In fact, the struggle between Mexico and U.S. imperialism was always a question of a relationship of forces. The Mexican Revolution and the big mass upsurges in the 1930s had bought the Mexican bourgeoisie space for a time. It then benefitted from similar upsurges in other Third World countries. But when the economic crisis hit in the 1970s and 1980s, the maneuvering room for its nationalist policy vanished. At that point, the bourgeoisie sabotaged its own state policy by trying to save itself through capital flight.
Elections will not improve the situation, even in the unlikely event that the younger Cárdenas wins this year, breaking the PRI’s lock on power. After all, Cárdenas is a product of the same party machine. Before 1988, he helped impose the PRI’s policies against the population. Cárdenas’s own election campaign is a testament to these roots. He does not even bother to promise that his policy would be very much different than that of his predecessor, or to promise that he stands for a very different relationship with U.S. imperialism. In fact, Cárdenas’s campaign is not based on mobilizing the population, but, on the contrary, merely channelling the discontent for purely electoral purposes.
The key to the situation rests with the Mexican working class, which has a rich heritage of explosive strikes and social movements. The question for the working class is what policy to follow. In this last period, debate has focused around NAFTA. But NAFTA was always a false issue for the workers. The workers need a policy different than that of the nationalists, an alliance with their own bourgeoisie. With or without NAFTA, the workers in Mexico are being forced, by imperialism and the Mexican bourgeoisie, to shoulder the burdens of capitalism’s international economic crisis.
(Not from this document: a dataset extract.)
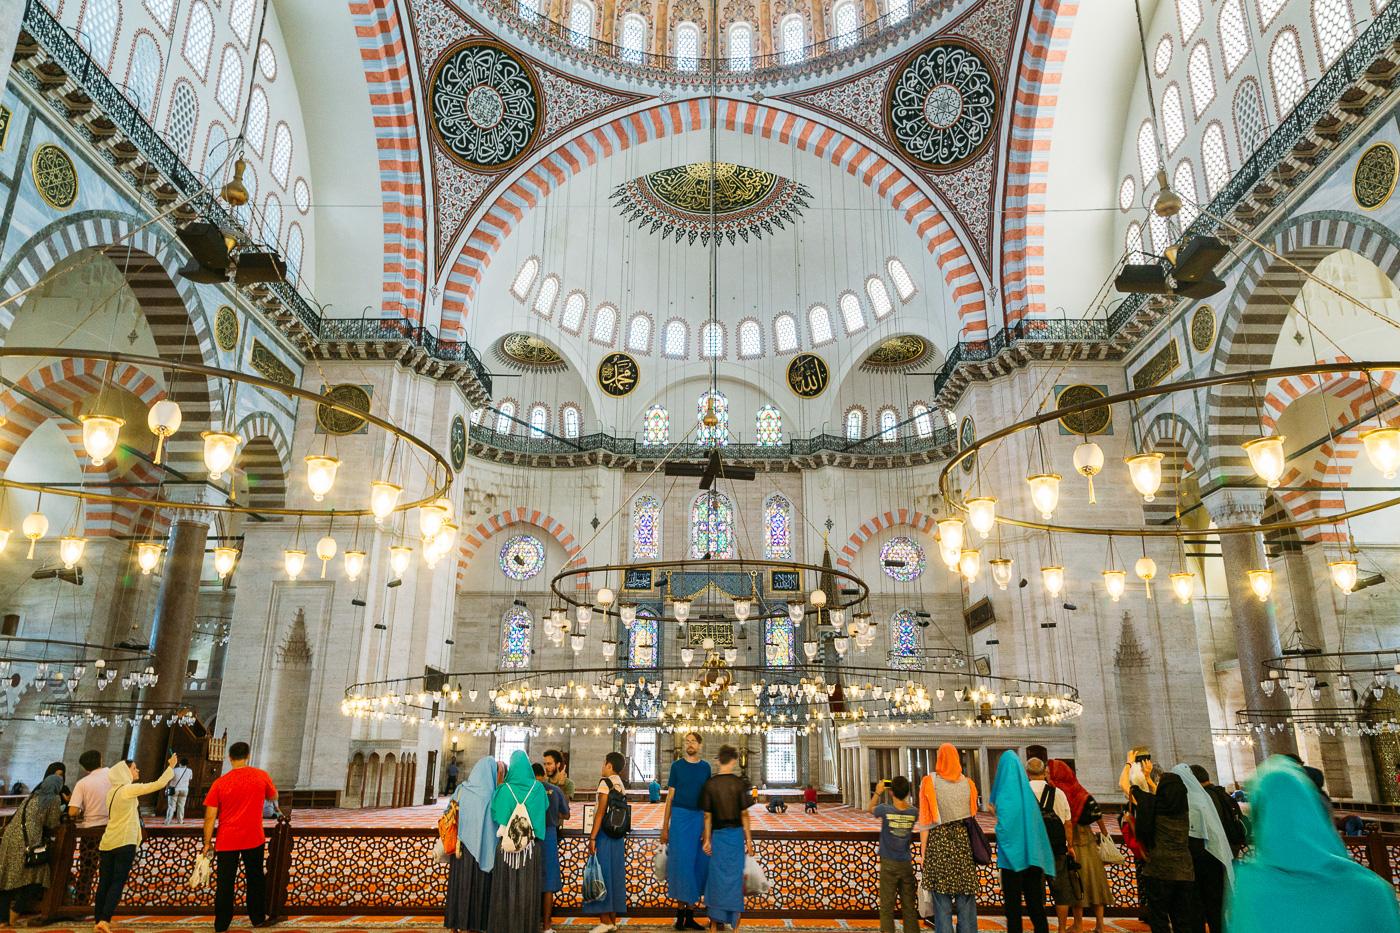 A visit to Süleymaniye in Istanbul, Turkey

Just as they have always been forced to shoulder the burden of Mexico’s economic development. Even if old-style Mexican nationalism were still possible, the Mexican working class’s interests do not lie in creating more profits for the bourgeoisie, neither Mexican nor U.S.
The working class’s only road lies in defeating and destroying capitalism on the scale of the continent. For this, the Mexican working class needs an internationalist policy, that unites it with the working class in the rest of Latin America and in the U.S.